Fig. 7: Combination treatment of 2DG and anti-PD-L1 suppressed ovarian tumors by promoting CD8⁺ T cell activity.

a Signaling pathways that are enriched in the combination treatment group compared to the anti-PD-L1 treatment group of KPCA tumors based on single cell RNA-seq analysis. For single cell RNA-seq, n = 1 mouse from each of the indicated groups. b IFNγ expression of CD8⁺ T cells in each group of KPCA tumors based on single cell RNA-seq analysis. P-values were calculated using two-tailed t-test. For single cell RNA-seq, n = 1 mouse from each of the indicated groups. c FACS analysis of IFNγ expressed CD8⁺ T cells in each group of KPCA tumors. n = 5 mice. Two-tailed P-values were calculated by ANOVA corrected by the Benjamini, Krieger and Yekutieli method to generate q-values. Error bars represent mean with SEM. d Inhibiting branched N-glycans sensitizes HR-proficient ovarian tumors to anti-PD-1 and anti-PD-L1 immunotherapies. weight and images of orthotopic tumors formed by HR-proficient KPCA cells in C57BL/6 mice following the indicated treatments with 2DG, anti-PD-1 antibody, anti-PD-L1 antibody or in combination. n = 5 mice. Two-tailed P-values were calculated by ANOVA corrected by the Benjamini, Krieger and Yekutieli method to generate q-values. Error bars represent mean with SEM. e, f Same as (Fig. 6b), but the mice were randomized into three indicated treatment groups.

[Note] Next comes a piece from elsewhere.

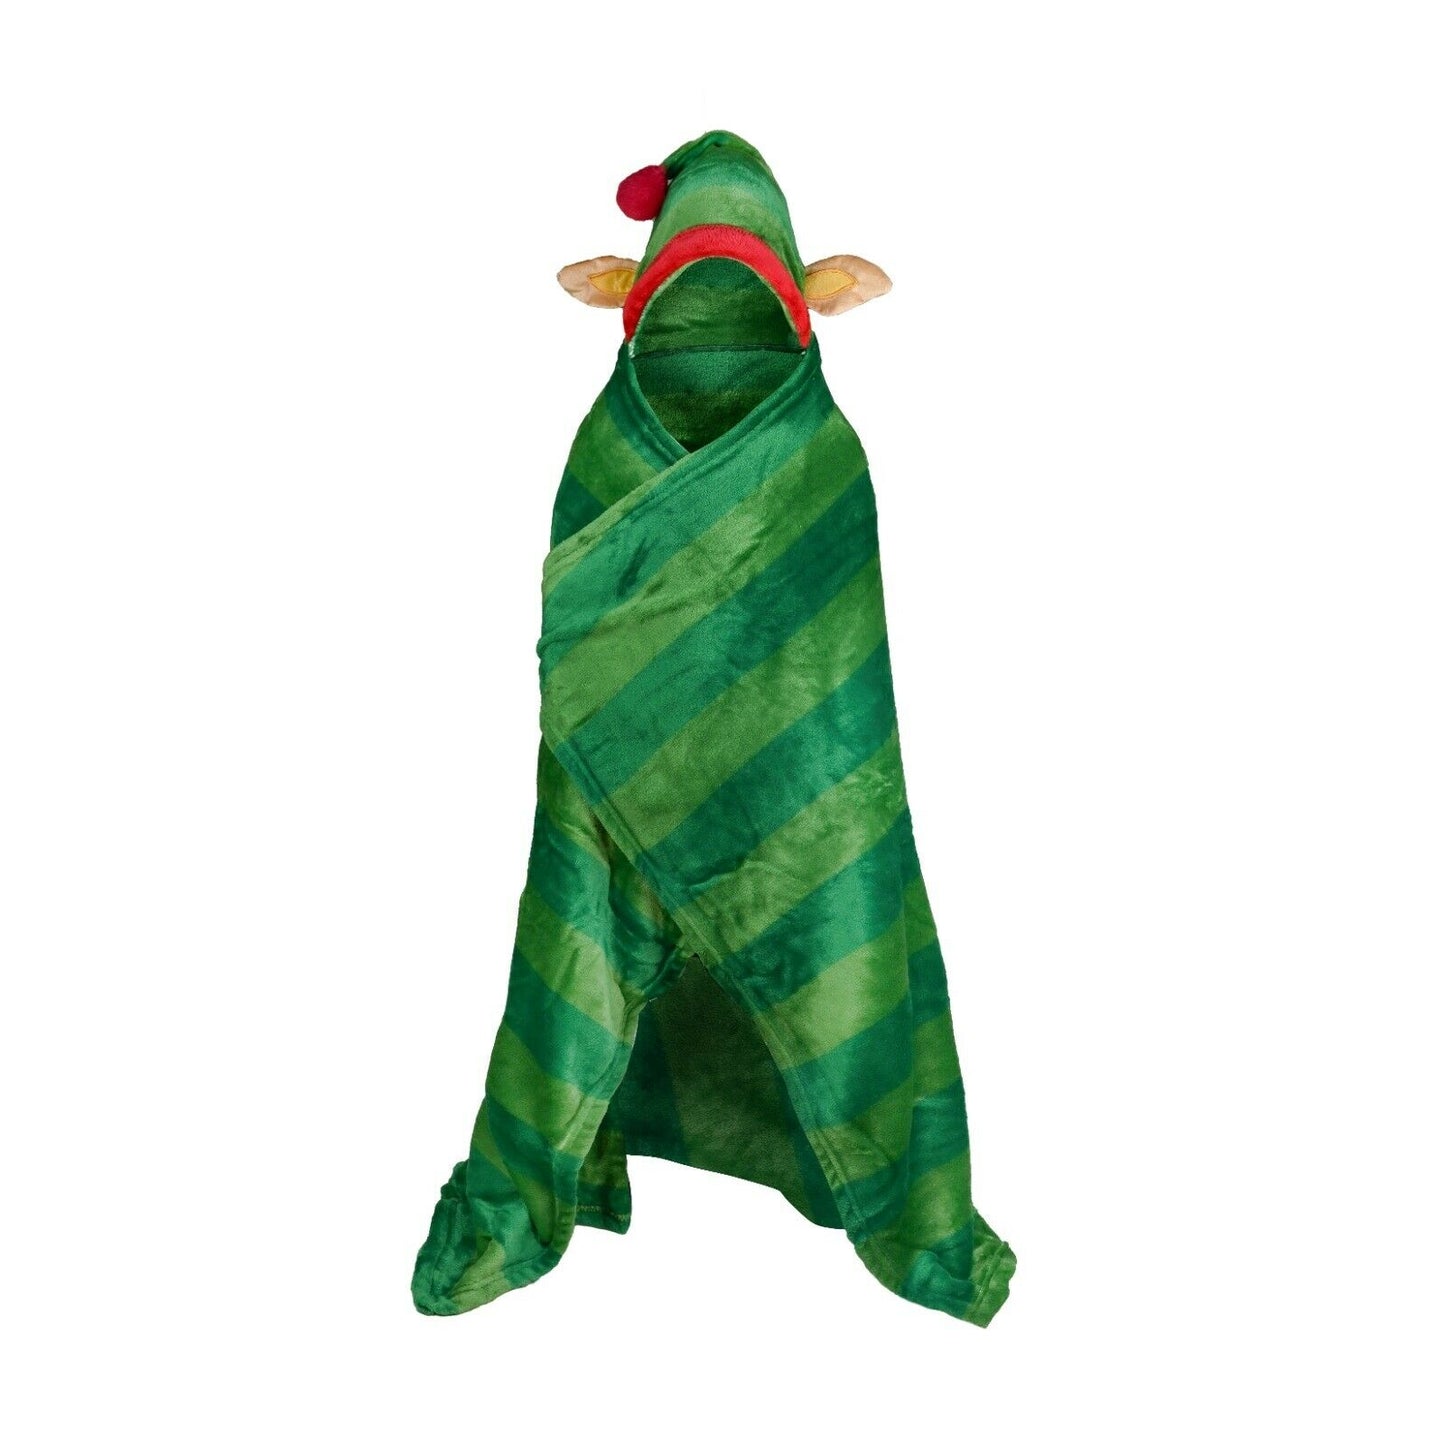 Children's Elf Novelty Hooded Fleece Blanket, These Are Super Soft And Perfect For The Festive Season As A Gifts, They Measure 110cm x140cm, 100% Polyester (Excludes Trimming)

After completing treatment, tumors were harvested and weighed (Two-tailed P-values were calculated by ANOVA corrected by the Benjamini, Krieger and Yekutieli method) (e) or mice were followed for survival and the Kaplan–Meier survival curves for each of the indicated groups are shown (f) (n = 5 mice/group) (P-values were calculated by Log-rank test). Error bars represent mean with SEM. Source data are provided as a Source Data file.